**Task description:** An exact transcription is needed of the lines below from the one with "Goal Line Bar at Tottenham Hotspur Stadium" through the one with "O'Neill Reactor 3/2mm", with no other lines and no pictures.

**Material for this task:**
━━━━━━━━
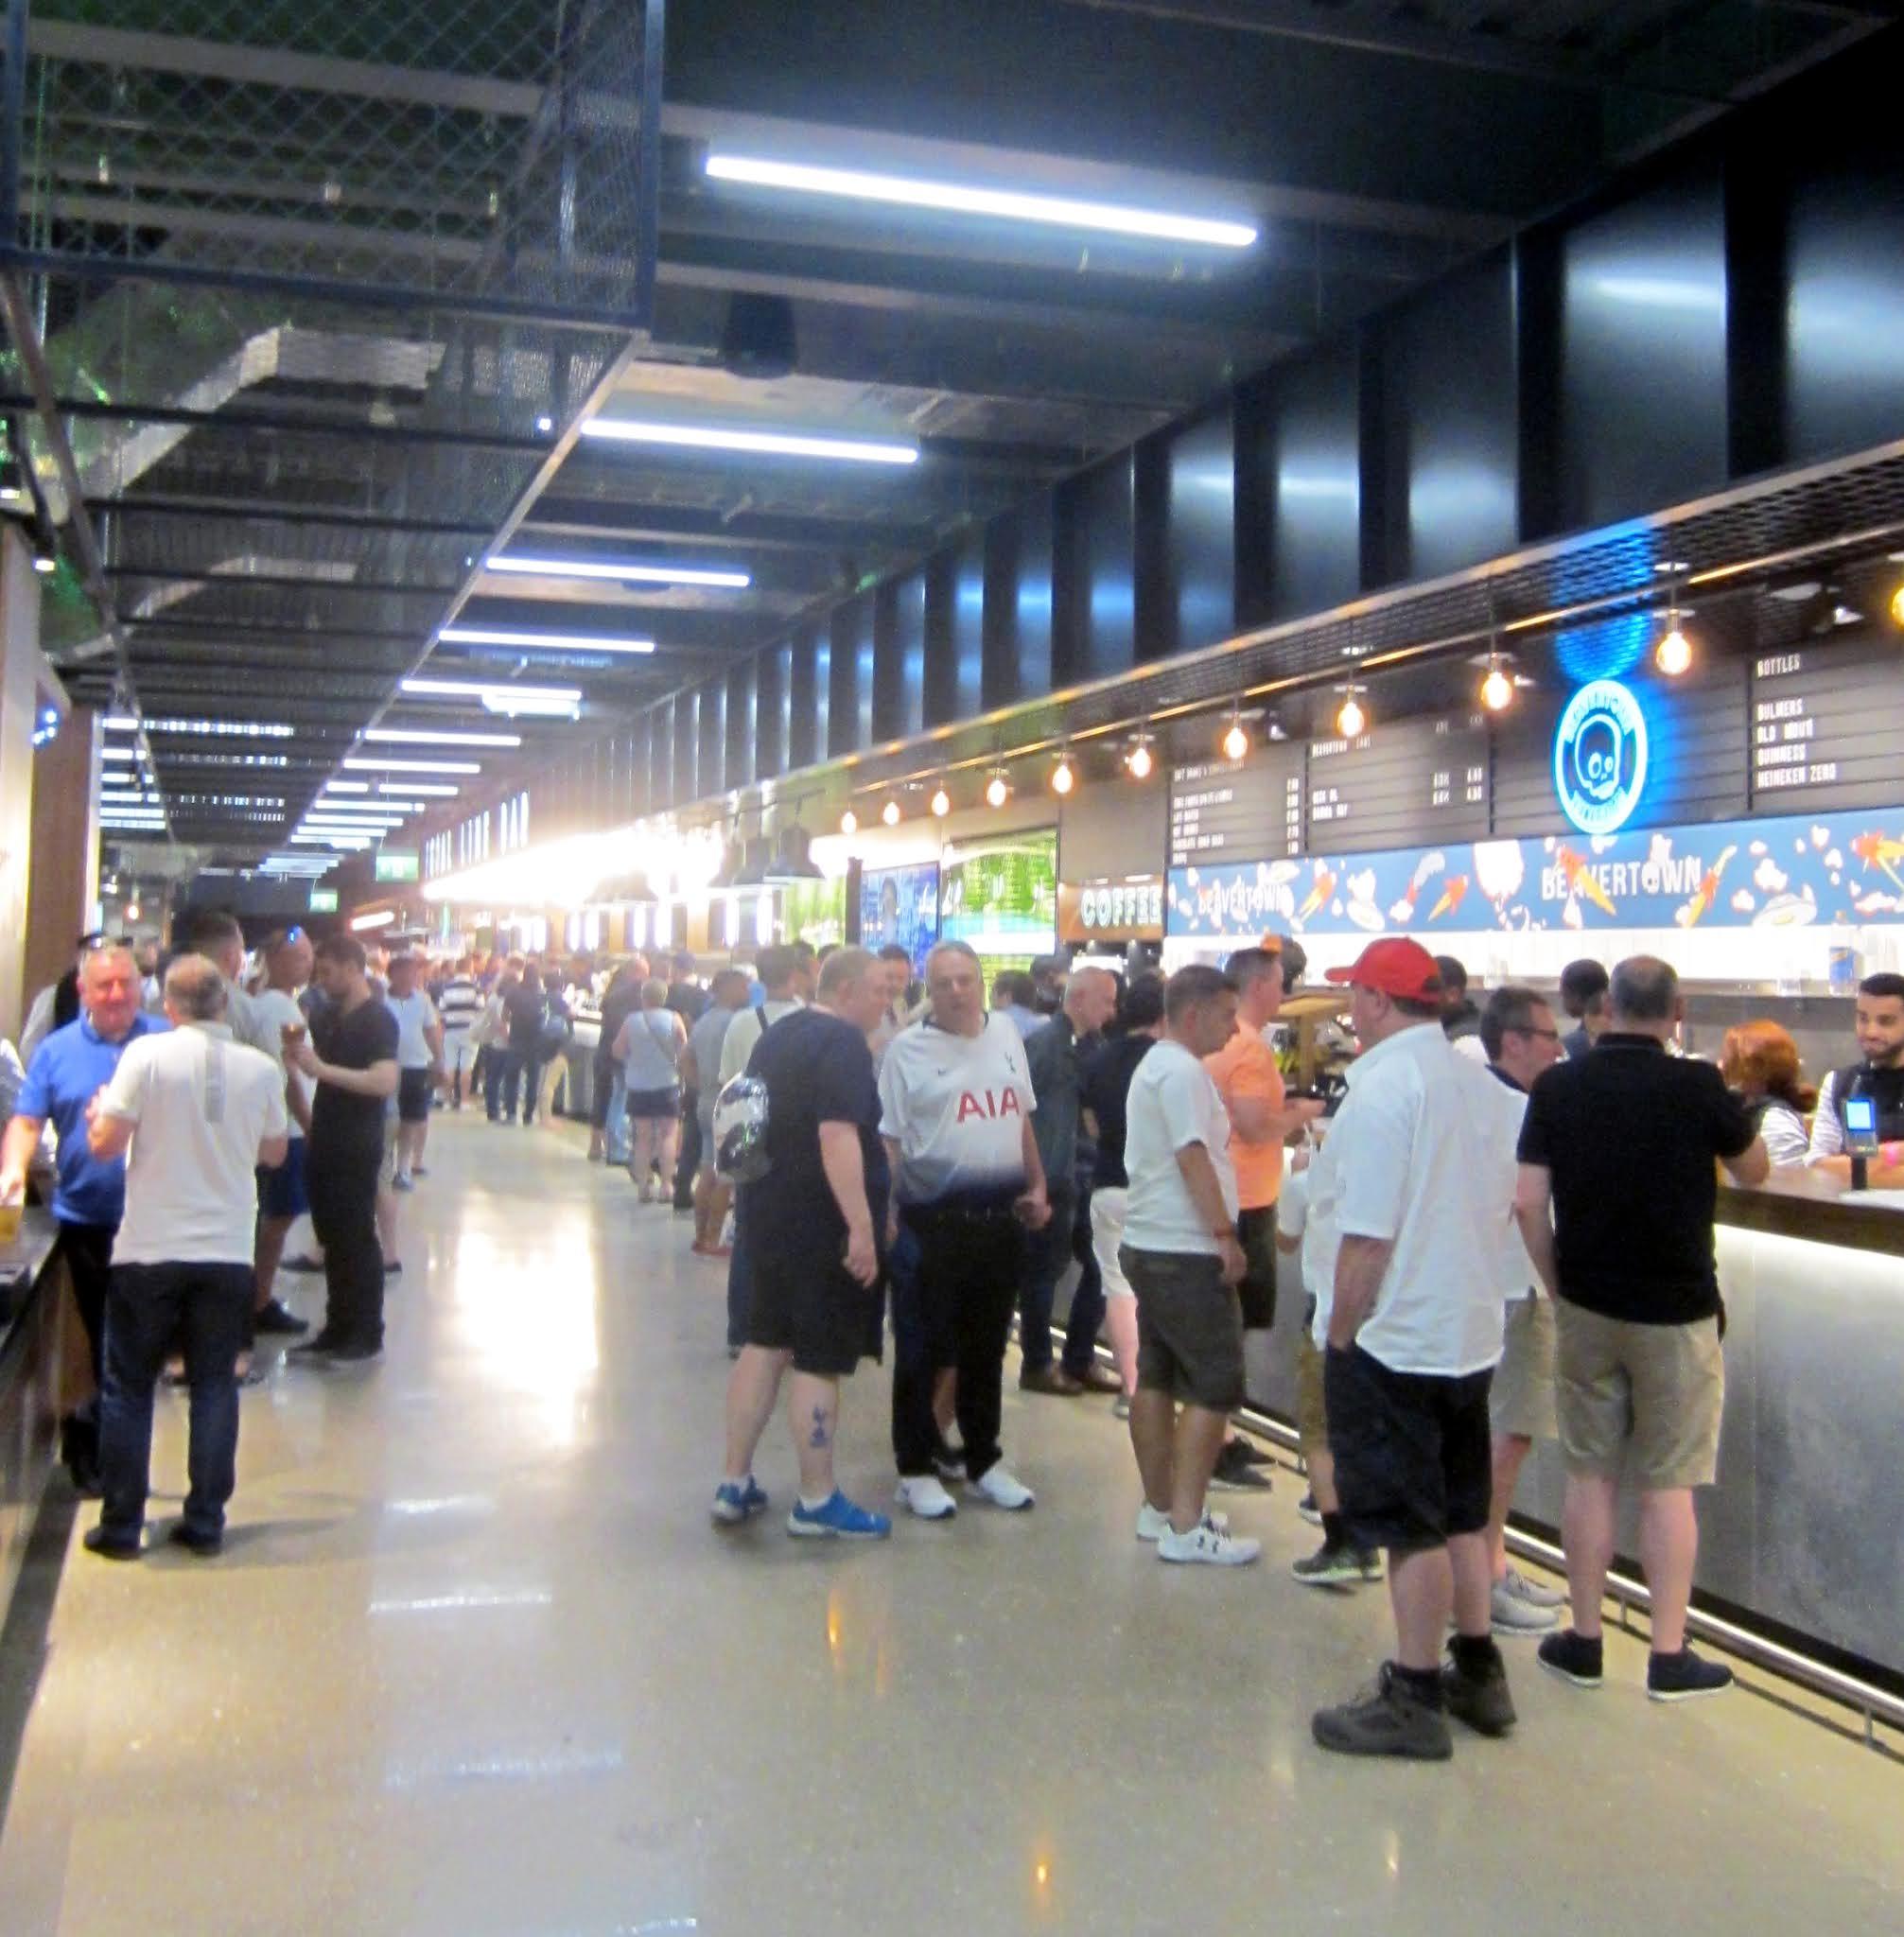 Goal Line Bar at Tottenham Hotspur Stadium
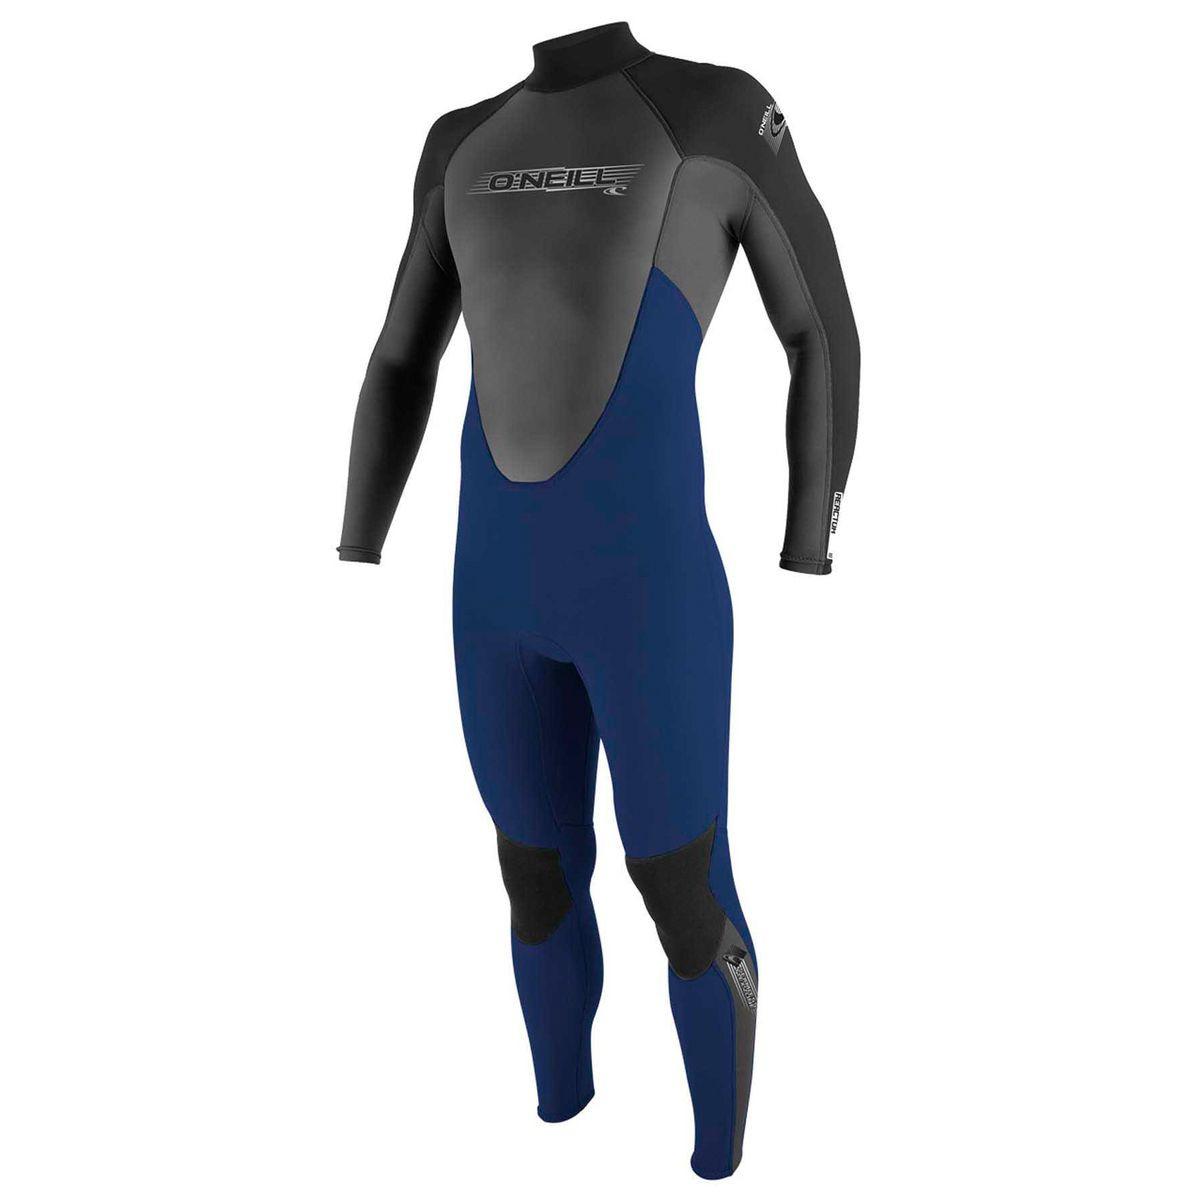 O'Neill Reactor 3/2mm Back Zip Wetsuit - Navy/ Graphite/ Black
━━━━━━━━
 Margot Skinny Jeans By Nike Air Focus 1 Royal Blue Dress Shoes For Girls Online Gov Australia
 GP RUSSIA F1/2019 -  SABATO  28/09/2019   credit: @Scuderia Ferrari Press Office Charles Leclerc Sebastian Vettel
━━━━━━━━
**Reply:**
 Goal Line Bar at Tottenham Hotspur Stadium
 O'Neill Reactor 3/2mm Back Zip Wetsuit - Navy/ Graphite/ Black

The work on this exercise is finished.